For the second quarter of 2019, eurozone growth fell to a meagre 0.2% compared to the previous quarter. German’s economy, the biggest in the eurozone, went into the red. Italy’s, the third biggest, stagnated. The UK, second largest economy of the EU, also saw a 0.2% drop in its GDP. And so far nothing suggests that the situation will improve in the third quarter.

On the contrary: Germany is due to enter recession officially. Its economy alone accounts for 29% of eurozone GDP, and it is German industry that is suffering above all: the sector has already shrunk by 7.5% since the end of 2017. Car production in particular has fallen back to its low point of 2009, at the height of the crisis. But the banking sector is in difficulty too: the two main private banks, Deutsche Bank and Commerzbank, are dragging down the whole European sector.

Against this morose background France is doing a little better than its neighbors, with second-quarter GDP growth of 0.2%. But over a year its GDP has increased by only 1.3%, against 2.5% in the second quarter of 2018, a fall of half in 12 months.

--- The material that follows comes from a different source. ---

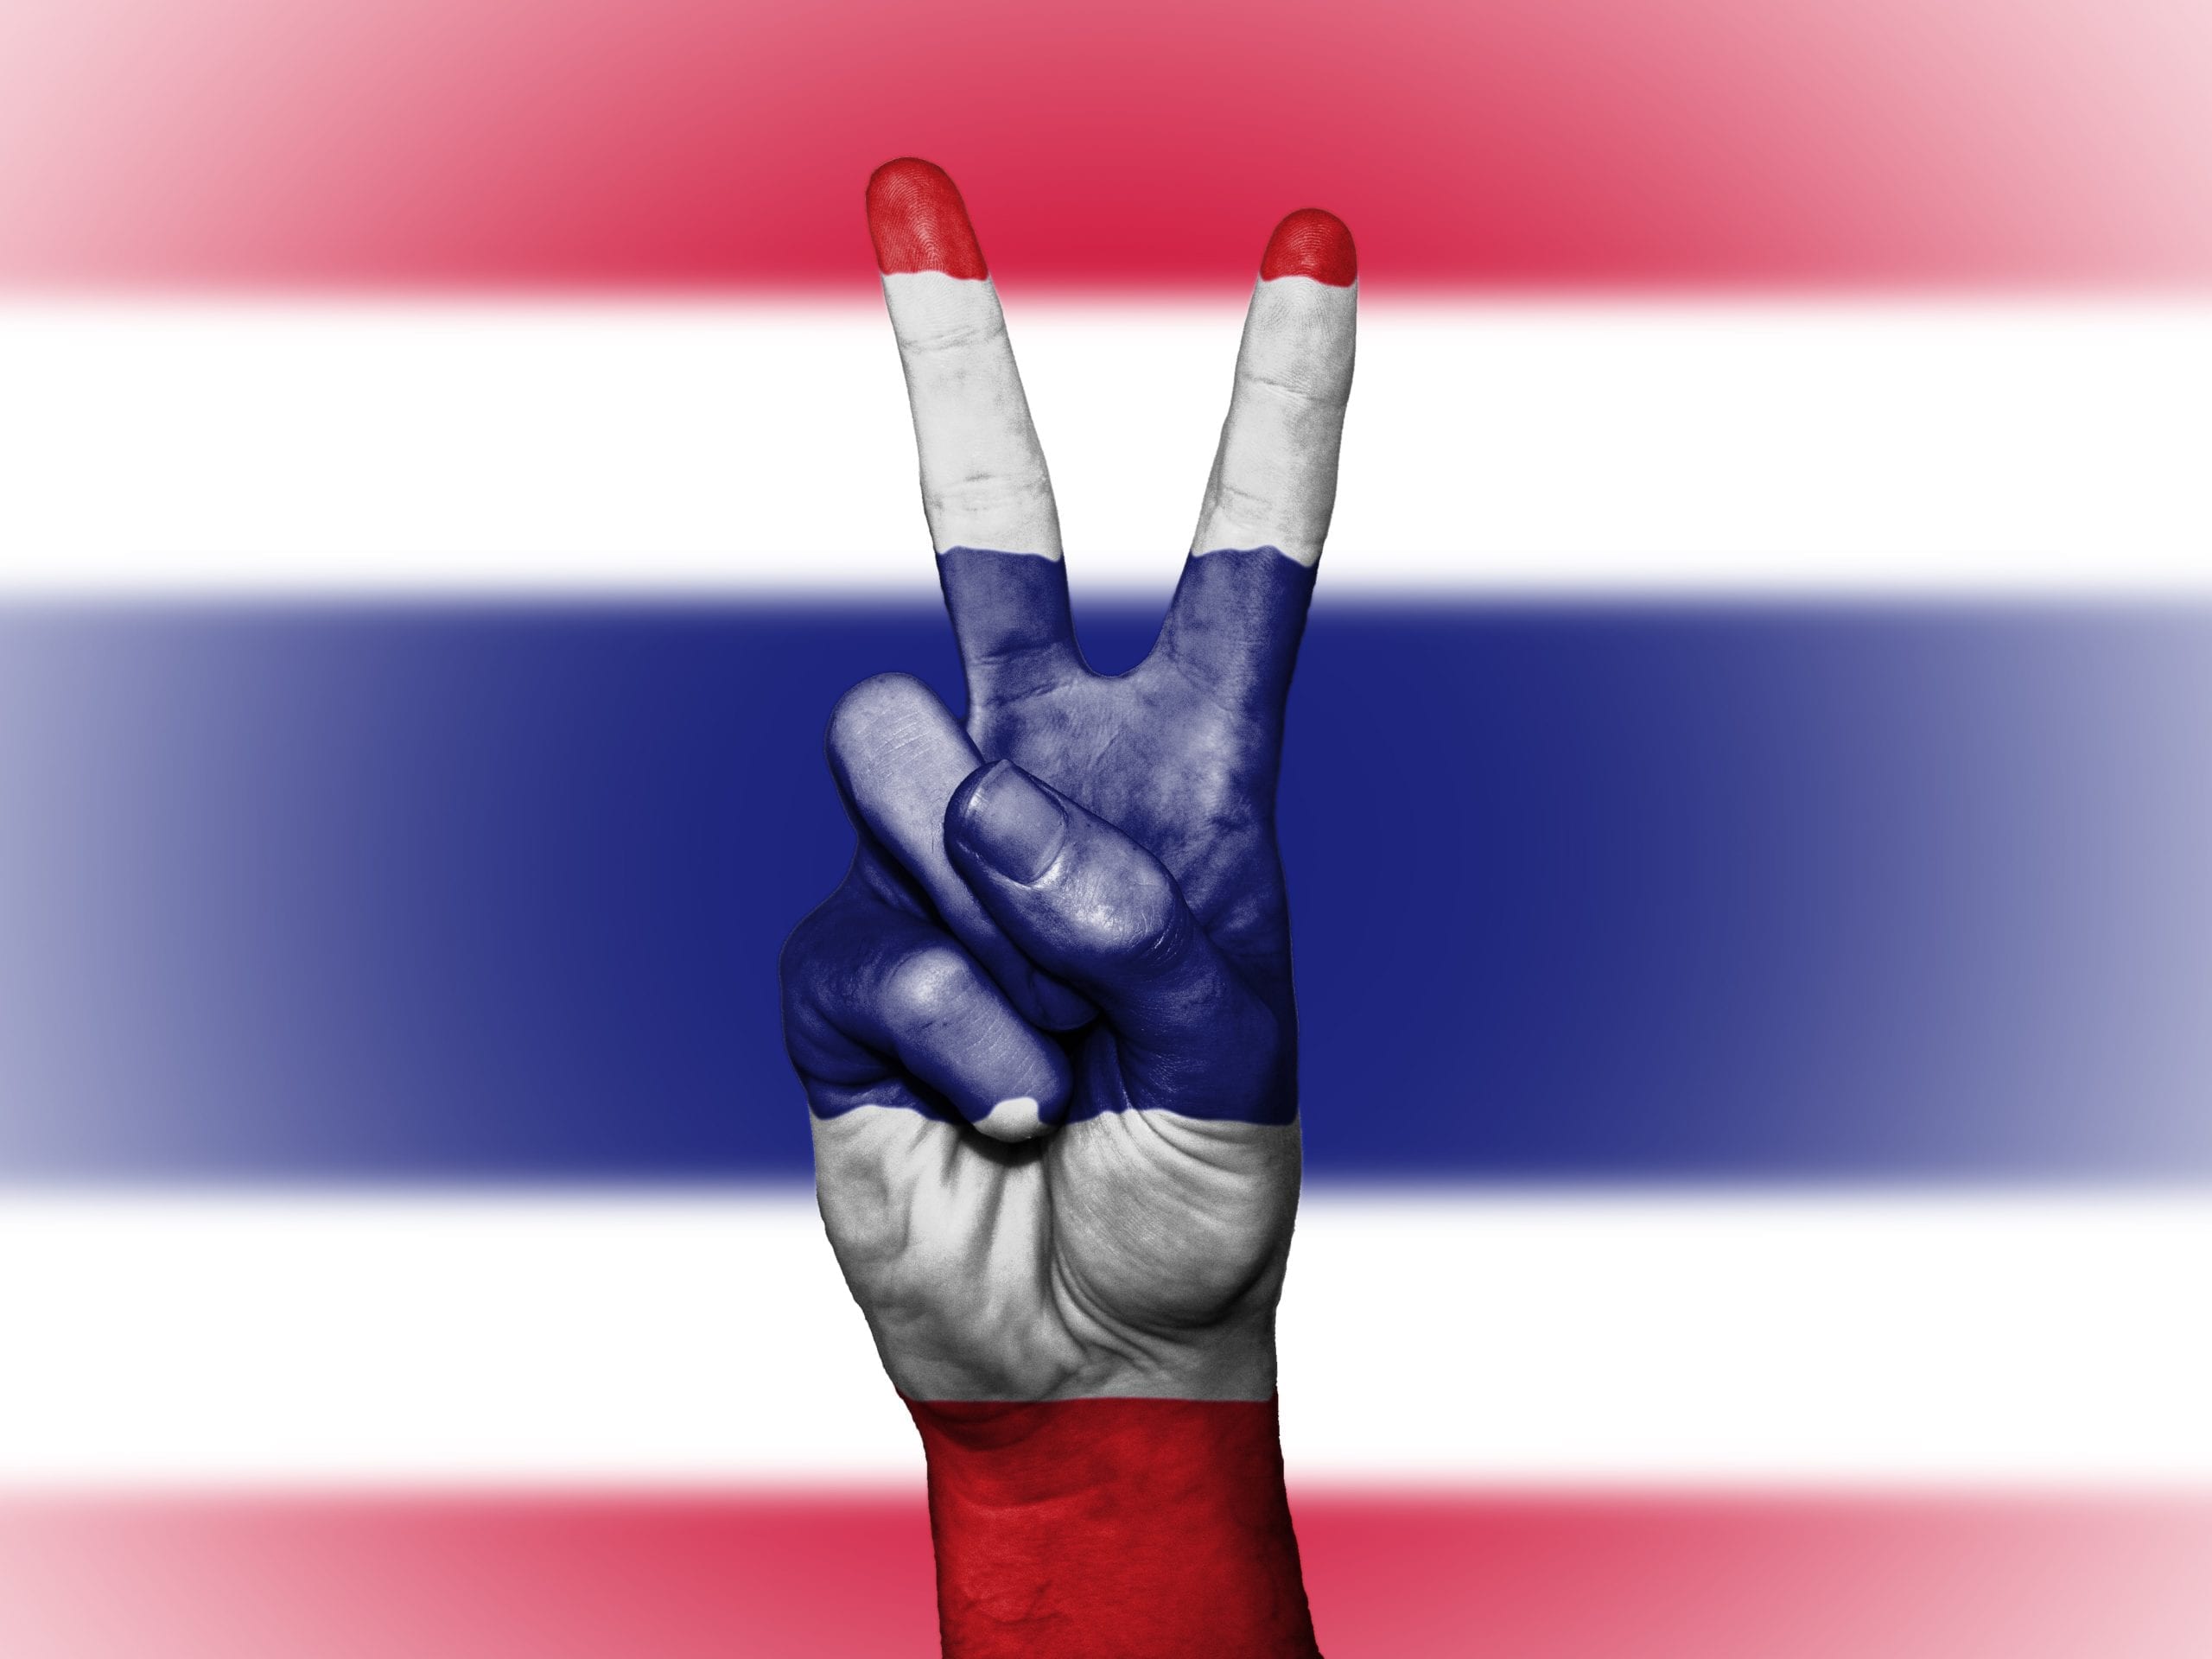 Proteste studentesche in Thailandia: il risveglio del “gigante dormiente”

And this as public deficits are set once again to break through the 3%-of-GDP barrier this year, due both to France’s Competitivity and Jobs Tax Credit (CICE) for 2018 and the long-term reduction in employer payroll taxes which is replacing it – a gift to business worth around € 15 B. Added to this are the measures provoked by the yellow-vests movement, coming to another € 17 B (partly due in 2020). Such a stimulus should boost the French economy, which is less industrial and export-dependent than the German and Italian ones. But given the context of international turbulence France’s government has probably rattled the French too much with its measures to loosen the labor market, reduce public spending, limit unemployment benefits and shake up the pensions system. Thereby canceling out a big part of the expansionary measures, which will be diverted into precautionary saving.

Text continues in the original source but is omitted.